Often, vendors will offer event planners incentives like gifts or front-row tickets to an event.
This is not an unethical practice necessarily. Showing appreciation for a business associate
by gifting them is fine as long as it is within reason, and the gift is not used to garner
favor. It is up to you, the event planner, to draw an ethical line in the sand where
incentives are involved. The same considerations should be given to
rebates and kick-backs. Yes, receiving room block rebates can really help your budget,
but don’t choose a hotel, for example, that really isn’t ideal for the event’s purposes
just because they offer a rebate incentive program.

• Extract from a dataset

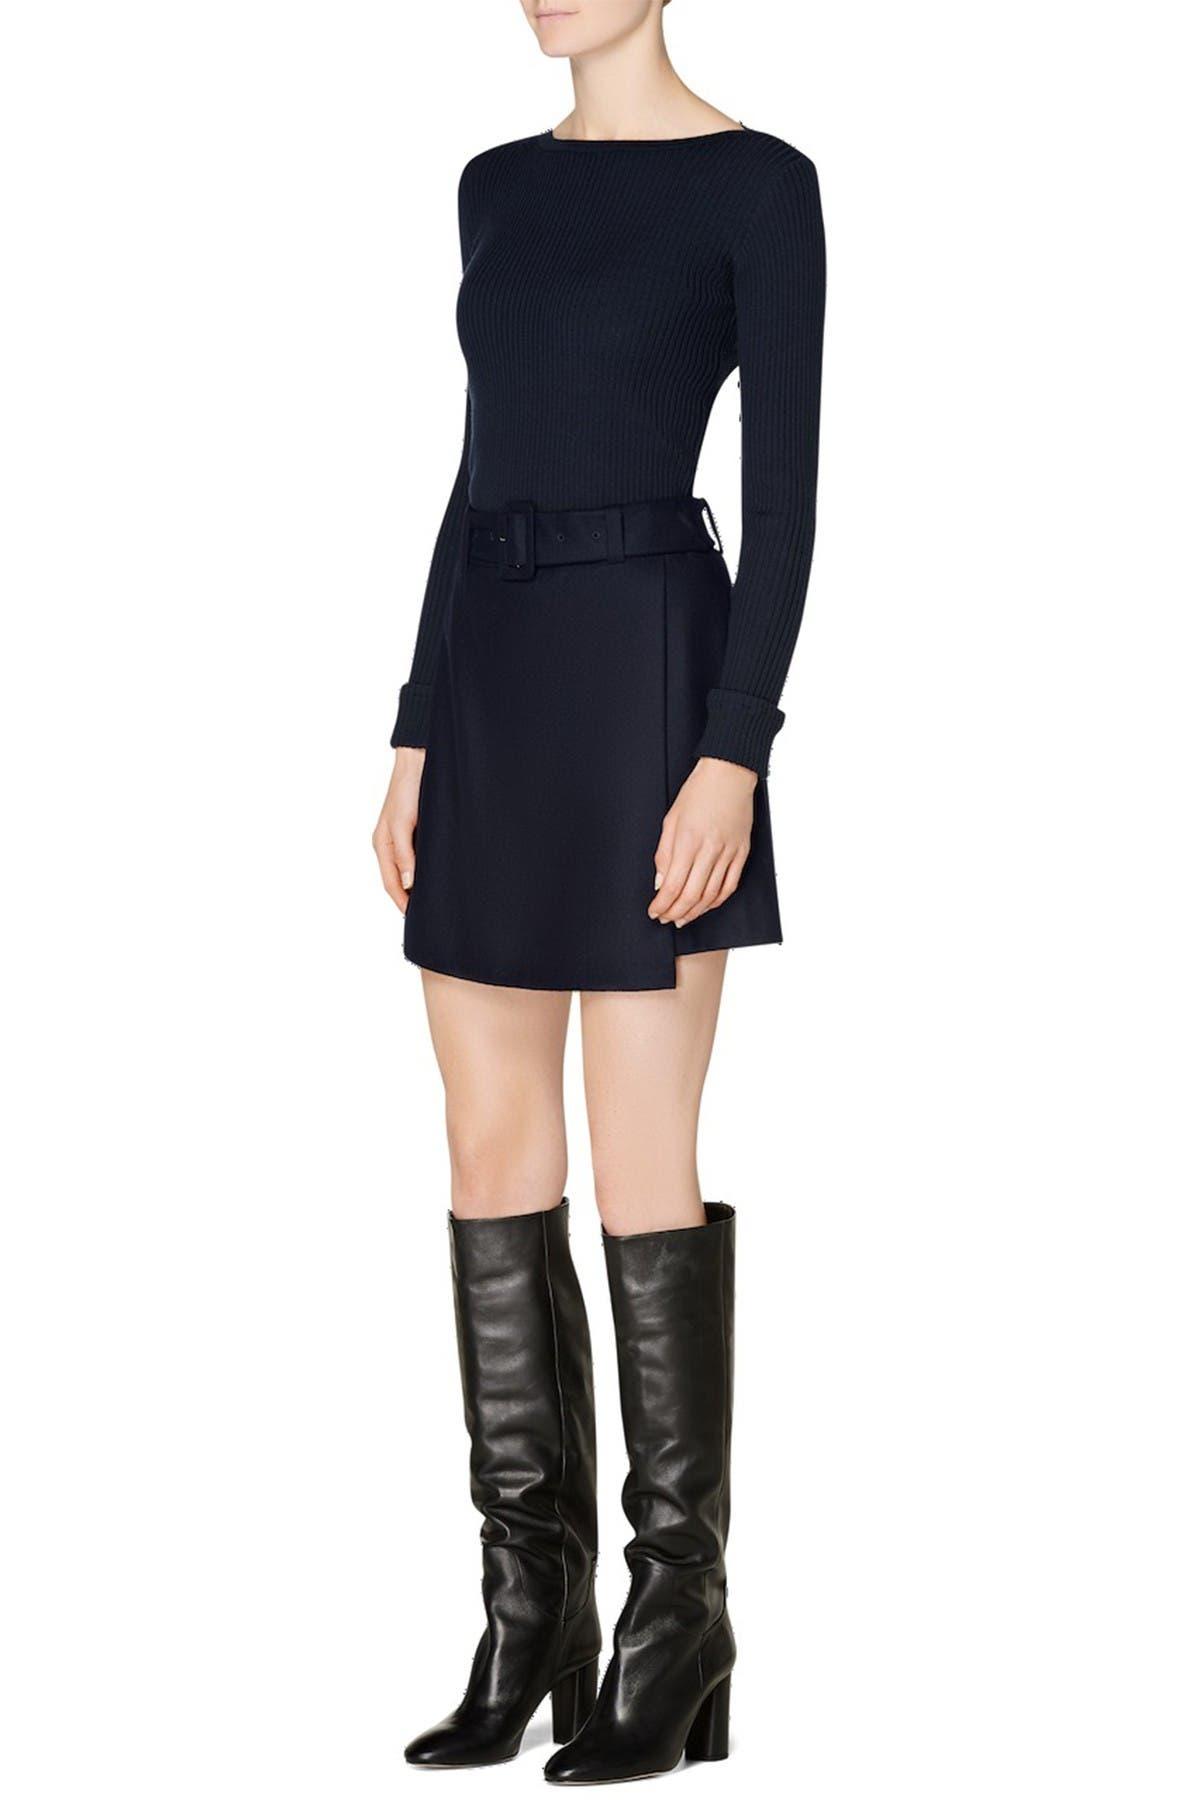 Image of SUISTUDIO Calvin Wool Skirt

The Bureau of Labor Statistics 2010 figures indicate meeting and convention planners average
between $35,000 and $58,000 a year. As of 2008, specific salary breakdowns by
client industry include: Management, scientific, and technical consulting
services: $49,600 Business, professional, labor, political,
and similar organizations: $47,670 Other support services: $44,290
Colleges, universities, and professional schools: $41,860
Traveler accommodation: $41,470 Industries like wedding planning don’t publish
exact salary data because some planners only do one or two events a year and may only make
$5,000 while others do dozens and make over $250,000.
BLS statistics additionally indicate that event planners with bachelor’s degrees and
event management certifications were viewed more favorably by employers. Furthermore,
the opportunities for freelance planners and event planning companies are increasing as
businesses try to keep the overhead of in-house event planning down.
With education, experience, certification, and the qualities discussed in this presentation,
your career as an event planner is readily available.